Charlotte Allen writes: Gentiles were also among Roth’s lifelong fixations as antagonists. He was ever on the alert for anti-Semitism, both real and imagined. He even classified Bloom, herself Jewish, as an anti-Semite; apparently, it was fine for Roth to rib his fellow Jews, but not Bloom. As an undergraduate at Bucknell University he found it “especially hateful” (Bailey’s words) that Bucknell during the 1950s required its students to attend weekly Christian chapel—leading me, at least, to wonder why, if that were so, Roth hadn’t picked a less sectarian institution of higher learning. In Roth’s fiction, gentiles are usually a curious mix of alcoholics, layabouts, thugs, wife-beaters, nymphomaniacs, genteel underachievers, and nascent Nazis: “goyish chaos,” as he called it. Roth had many gentile friends and many, many gentile lovers, but he insisted upon perpetually casting himself as the maligned and persecuted outsider…

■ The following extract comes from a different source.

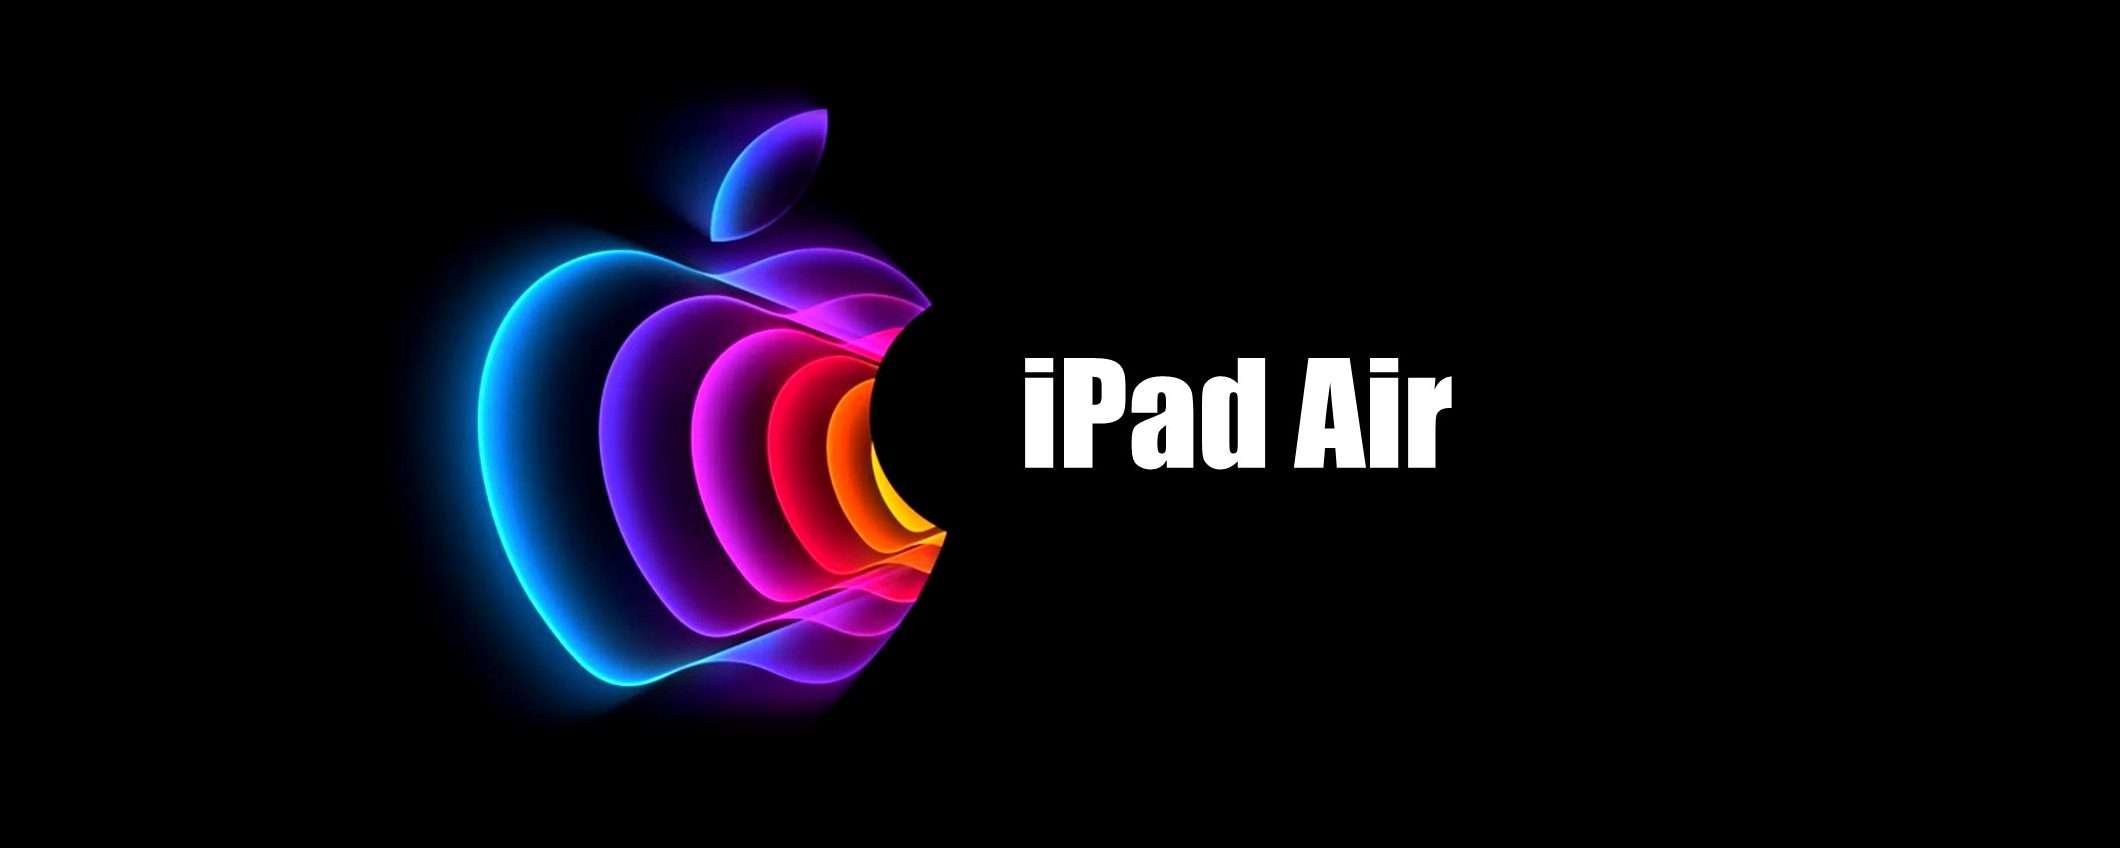 Apple annuncia un nuovo iPad Air con chip M1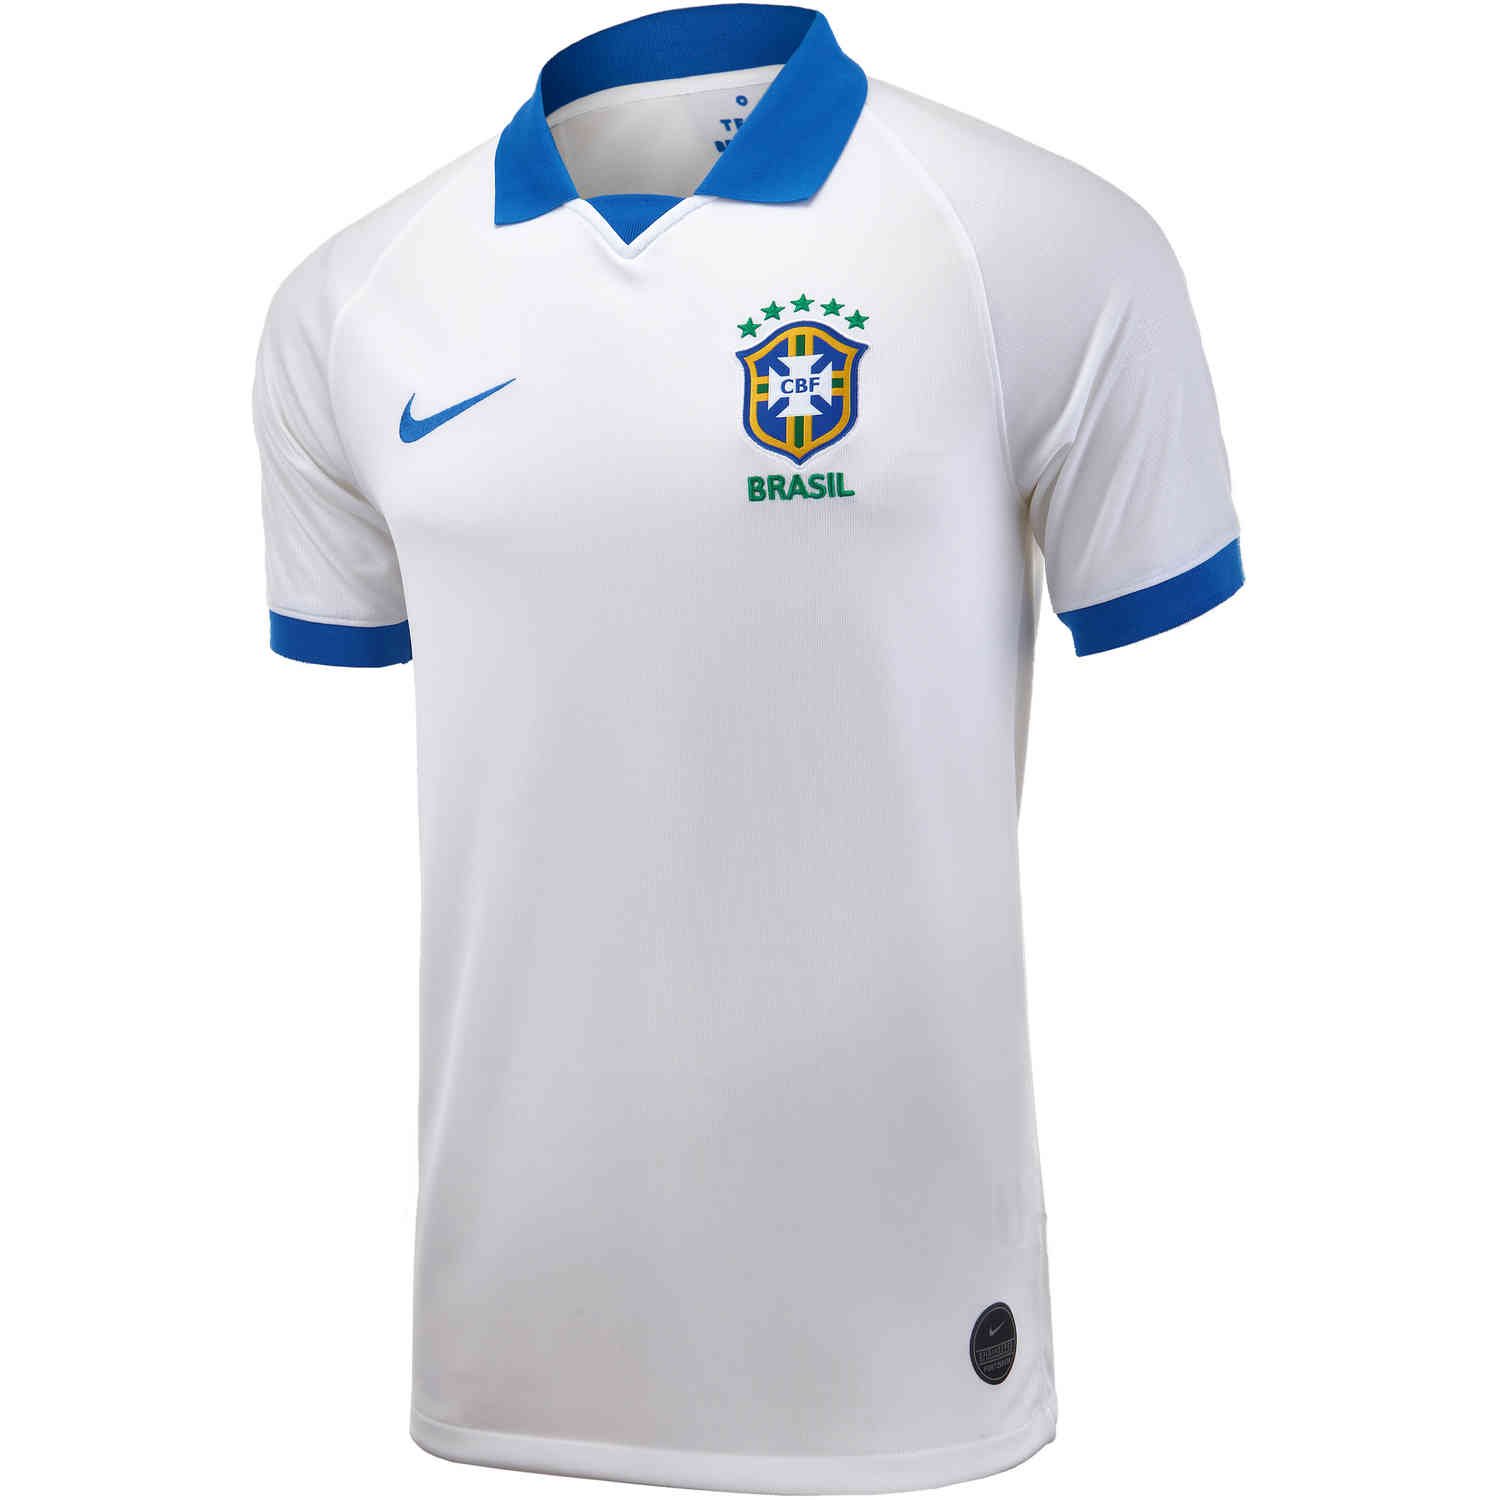 Verwachting Ellendig Groenten 2019 Nike Copa America Brazil Away Jersey - SoccerPro

Roth was indeed a brilliantly vivid writer, with a genius for recreating the human scene in sharp-eyed detail and with dialogue that uncannily mimicked heard speech. He could also write lyrically when he wanted to. He was not, however, as great a writer as he thought he was. As Shulevitz pointed out, he wrote a few great novels over the decades (his Pulitzer Prize-winning American Pastoral, published in 1997 and surprisingly sex scene-free, is likely among them), with the rest ranging “from good to terrible” in Shulevitz’s words. His admirable work ethic (inherited from his insurance-agent father) required him to spend eight hours a day every weekday writing, but the result was that he wrote much too much. The Human Stain (2000), about a distinguished professor, a black man who has renounced his ethnicity and passed for Jewish, only to be forced into retirement by accusations of racism over a chance remark in class, is a page-turner, but it has its longeurs—worked-over set pieces that go on and on, such as the 10 pages devoted to the disgraced professor’s three-decades-younger girlfriend’s dancing naked in front of him after the two have had sex. Roth never knew when to stop, and criticisms that he wrote the same novel over and over, and even the same passages over and over, were not unfounded.
Furthermore, he had trouble creating believable characters other than the many versions of himself—Alexander Portnoy, David Kepesh, the Roth-like writer Nathan Zuckerman (who shows up in nine Roth novels, including American Pastoral and The Human Stain), and even a pair of “Philip Roths”—whom he made his talky first-person narrators over the years. Lack of “roundness” isn’t just a problem with Roth’s female figures, but with all of them. They can be colorful enough—dazzling, Dickens-like sketches—but it is hard to believe that they could actually exist. To his Bard students of 1992, whom he characterized in his notes as saturated with “puritanical feminism,” Roth defended Sabbath’s Theater’s lascivious Drenka Balich with her English-as-a-second-language malapropisms, as “every bit as nasty/interesting” (Bailey’s phrase) as his male protagonist, Mickey Sabbath. But in fact Drenka, the self-described “sidekicker,” with a carnal appetite that defies realism, is yet another broadly drawn Roth cartoon.